The Virtues of Solitude – 5. Appreciation

Did you know that only 10% of our mind functions consciously on a daily basis?

That leaves the other 90% functioning on an unconscious auto-pilot mode.  In essence, all the stimulation of our daily lives is filtered out for what is the most immediately relevant to us.  So what’s the big deal you ask?  The big deal is the little things we miss on the way. We miss the opportunities for admiration, the doorways to experiencing gratitude, and the chances to appreciate life as a whole.  We miss the feelings of happiness, the childlike sensations of awe, and the innocent curiosity of wonder.

If you look around, it’s easy to see that the need for personal Solitude is great in this world.  Not only does Solitude help us develop inner peace, acceptance and understanding, but also outer insight, awareness and most essentially, appreciation.  After all, how are we supposed to enjoy the journey rather than the destination without appreciating what we see on the way?

Gratitude and Appreciation

If you want to find happiness, find gratitude.  ~  S. Maraboli

Gratitude stems from appreciation and is essentially an attitude of thankfulness towards the big and little things of life.  When was the last time you sat down and thought about all the things you’re thankful for?  Or stopped at the traffic lights and felt gratitude for your ability to work for money, drive, gather food, function normally … So why do we complain more than feel appreciation in our lives?  The answer is an easy one: lack of awareness, and lack of alone time and personal Solitude.  As I mentioned earlier, we live most of our days in an automatic and unconscious state.  As you can read in a previous article, this is largely due to the fact that we constantly live in the past or off in the future, forgetting about this present moment now.  To experience gratitude is to experience an appreciation of the present moment, of what we possess right now.  Experiencing gratitude also requires a certain level of introspective alone time, you could even say that gratitude is a natural byproduct of Solitude.  Without Solitude, it’s extremely difficult to develop appreciation when we’re engulfed in tides of people, noise and drama.

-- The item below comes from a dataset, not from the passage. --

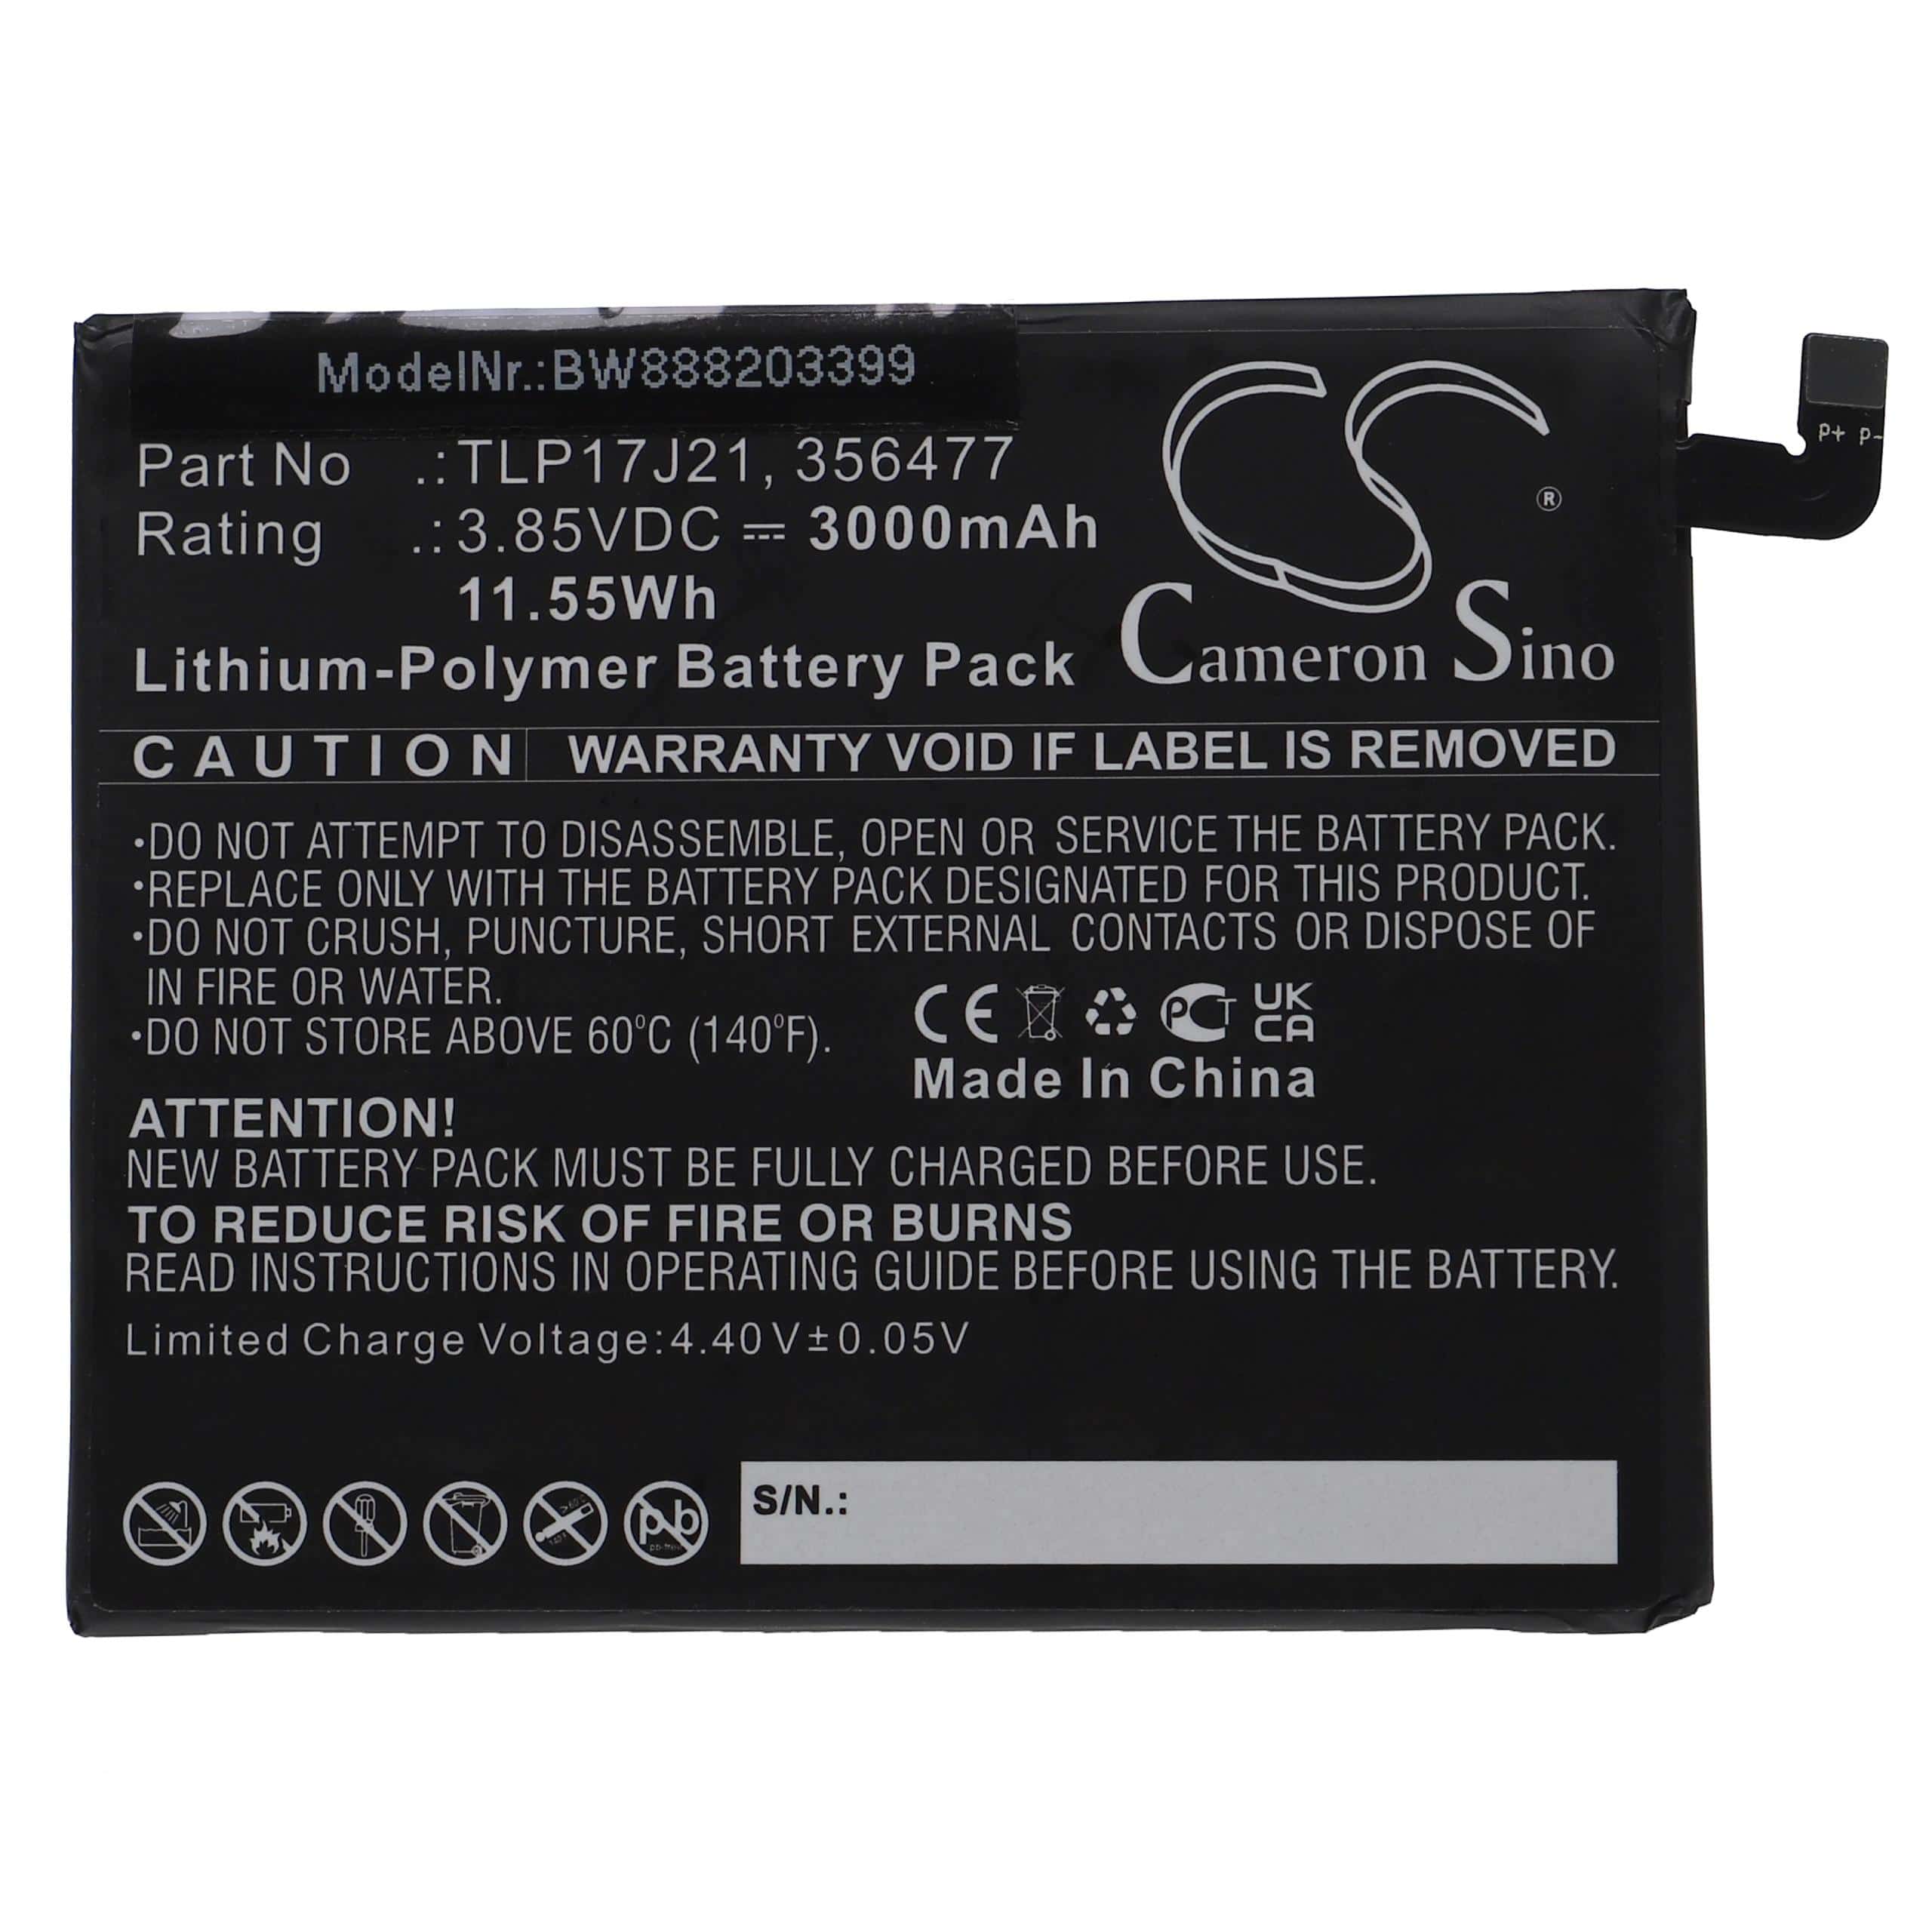 Batterie remplace Wiko TLP17J21, 356477 pour téléphone portable - 3000mAh, 3,85V, Li-polymère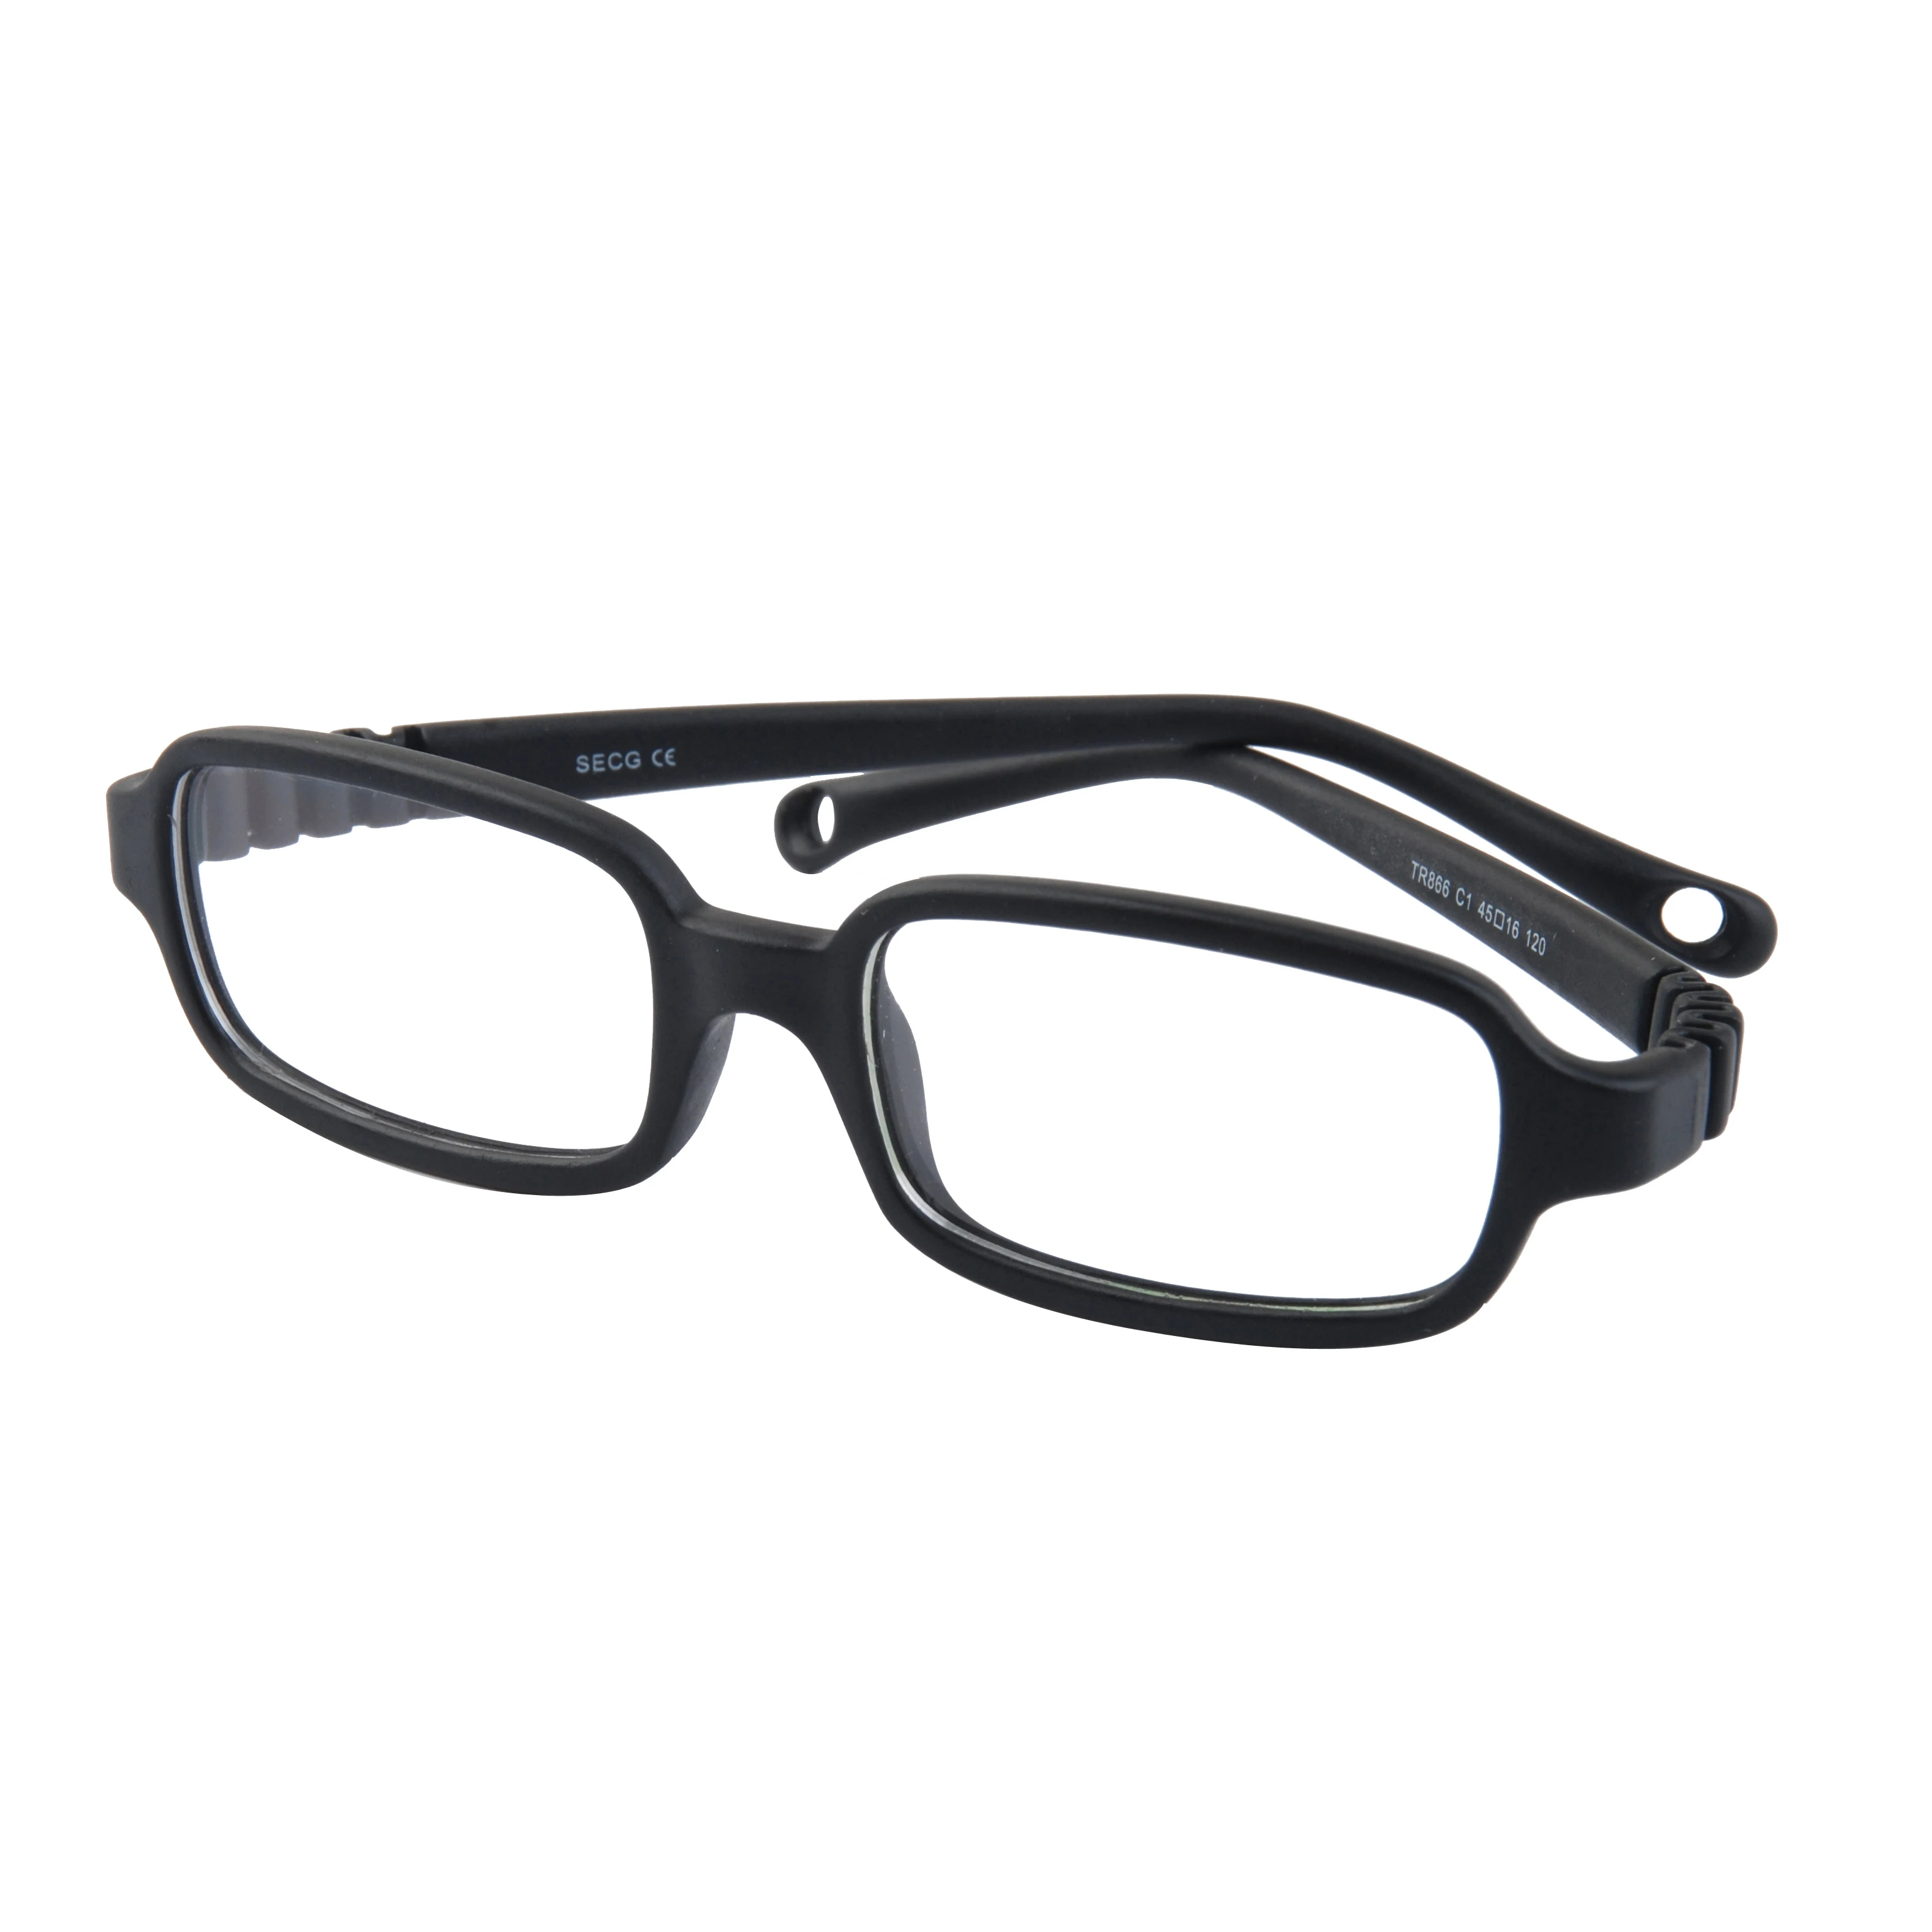 2019 New Design Hot-selling Kids Rubber Glasses Frames

My question to you, the Reader:

How do you practice gratitude in your daily life?

Admiration and Appreciation

Admiration is the second element of appreciation and is basically a feeling of wonder and pleasure towards something.  Admiration is essential to our lives because it instills in us a sense of love, respect and awe for what we see.  When you pass a mountain in your car, do you feel a sense of awe and wonder?  When you see a mother nursing her young in the streets, do you feel a sense of love and respect?  Too often we take the things we see for granted, missing out on their hidden opportunities to experience admiration and appreciation, the very things that help us enjoy life.  This is due to the fact that we don’t make time and space for ourselves to absorb the world around us.  Once again, experiencing admiration in its purest form is closely linked to the need to establish personal Solitude.  How can we live life fully without first admiring, appreciating and enjoying it first?

Appreciation, the fifth virtue of Solitude, is split up into the two elements of gratitude and admiration.  These allow us to see each moment as a beautiful gift, with eyes of wonder and respect.